Selective venous sampling supports localization of adenoma in primary hyperparathyroidism

Background Selective venous sampling (SVS) is an invasive localization study for persistent or recurrent hyperparathyroidism. Purpose To assess the role of SVS in addition to non-invasive imaging for primary hyperparathyroidism (pHPT). Material and Methods This study was approved by the institutional review board and included 14 patients who underwent SVS and subsequent parathyroidectomy between January 2014 and April 2017 following a clinical diagnosis of pHPT. All patients underwent pre-SVS non-invasive imaging, including ultrasound, computed tomography (CT), and 99mTc-MIBI scintigraphy, and sensitivity was assessed using the operative and pathological findings. Results In all but one case, a single parathyroid adenoma was responsible for the pHPT; the remaining case exhibited a chemical response following surgical removal of parathyroid tissue. The sensitivity (%) for ultrasound, CT, 99mTc-MIBI scintigraphy, and SVS was 76.9, 84.6, 69.2, and 76.9, respectively.

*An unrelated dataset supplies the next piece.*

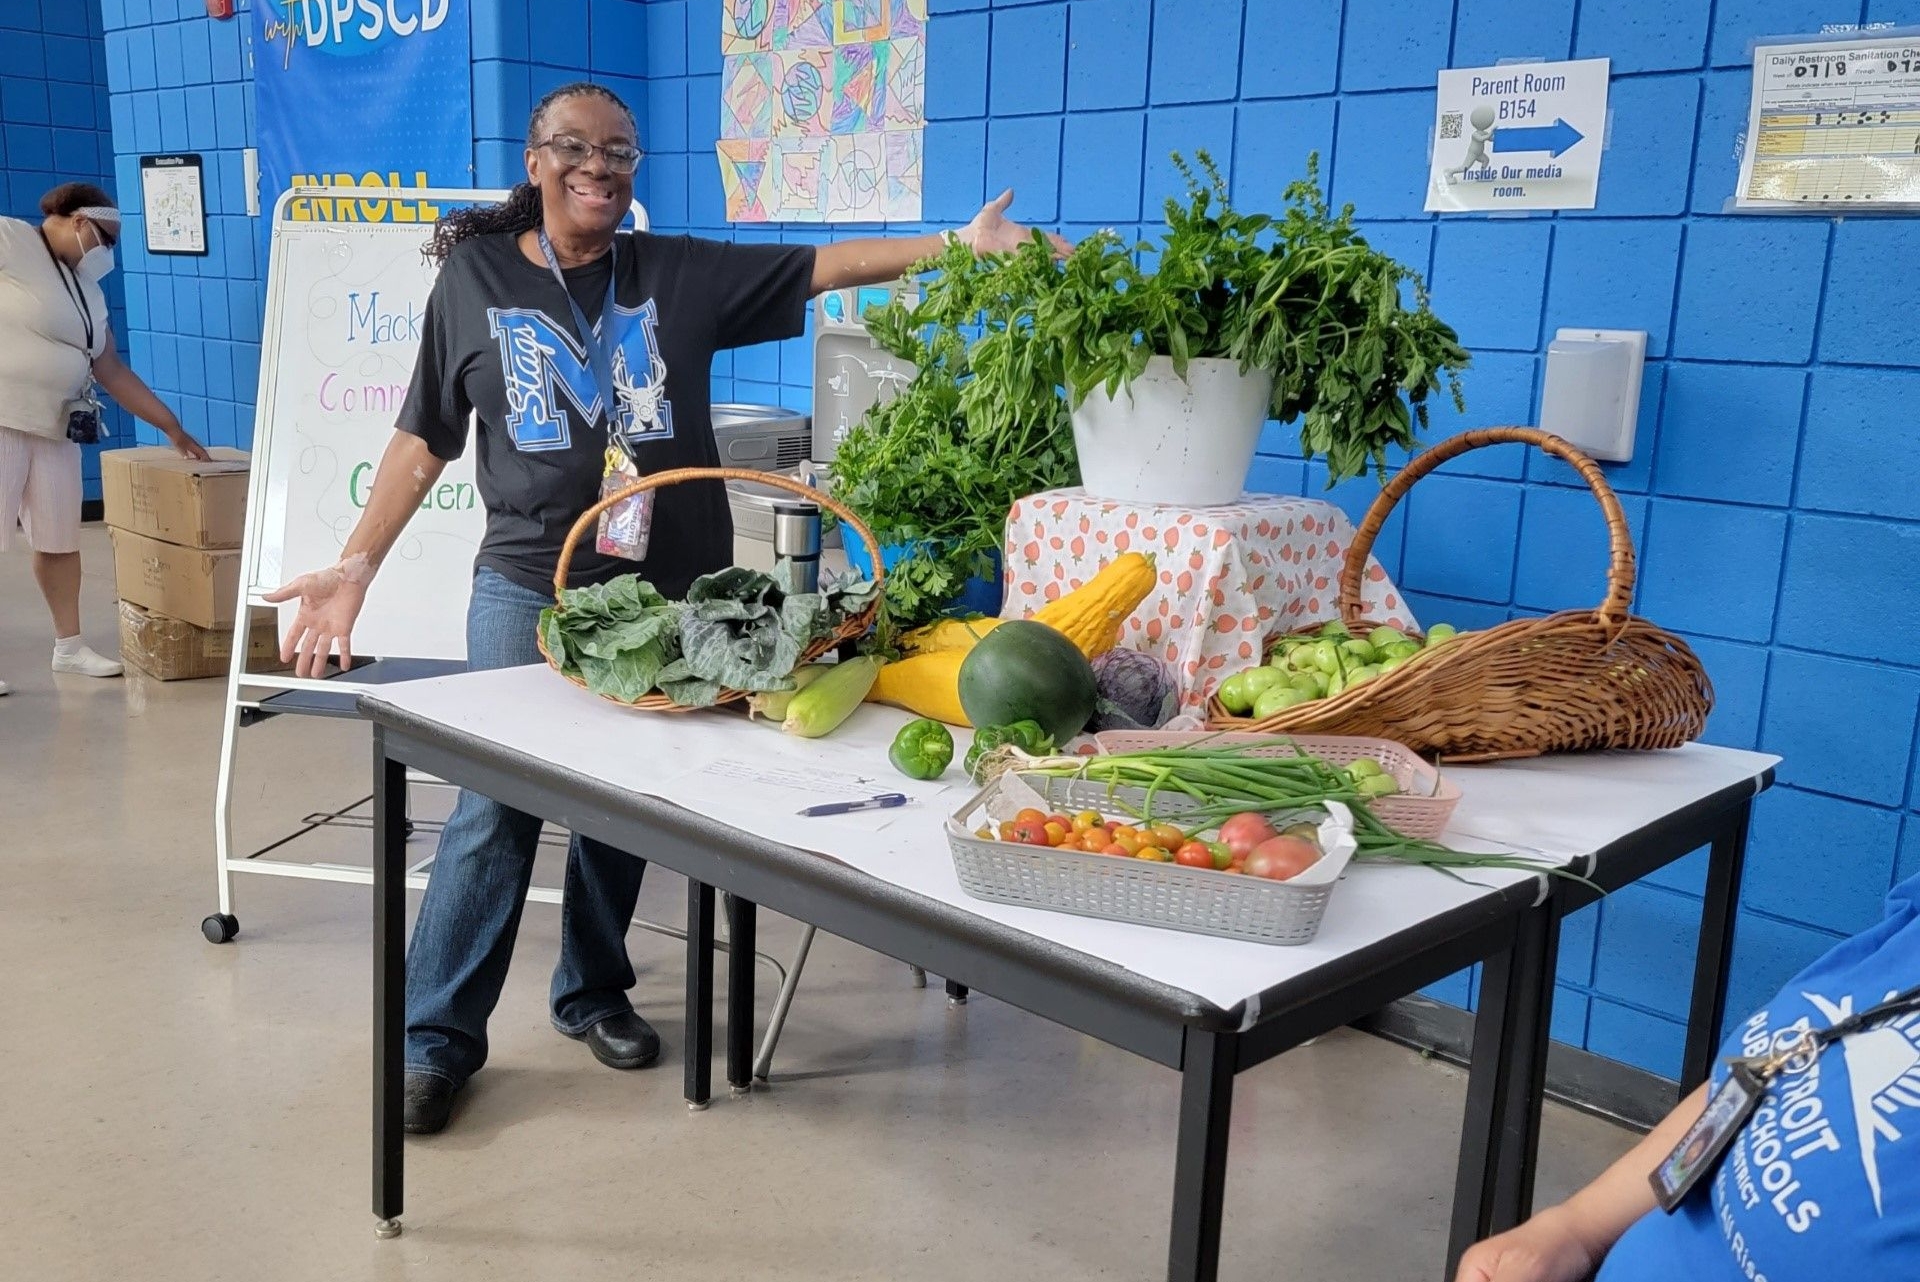 TSO-UP participant Shirley Brezzell, a science teacher at Mackenzie Elementary-Middle School in Detroit, displays a bountiful harvest from the school's rejuvenated vegetable garden.

SVS yielded positive results in four patients with discordant results and one patient with non-detectable results on imaging. In seven patients, a significant increase in the intact parathyroid hormone level was recognized only in the thyroid veins. The procedure time was in the range of 52–183 min (median = 89.5 min). Conclusion The addition of SVS to a non-invasive imaging study would be helpful to locate the responsible lesion of pHPT with discordant or non-detectable results on imaging for initial surgical treatment as well.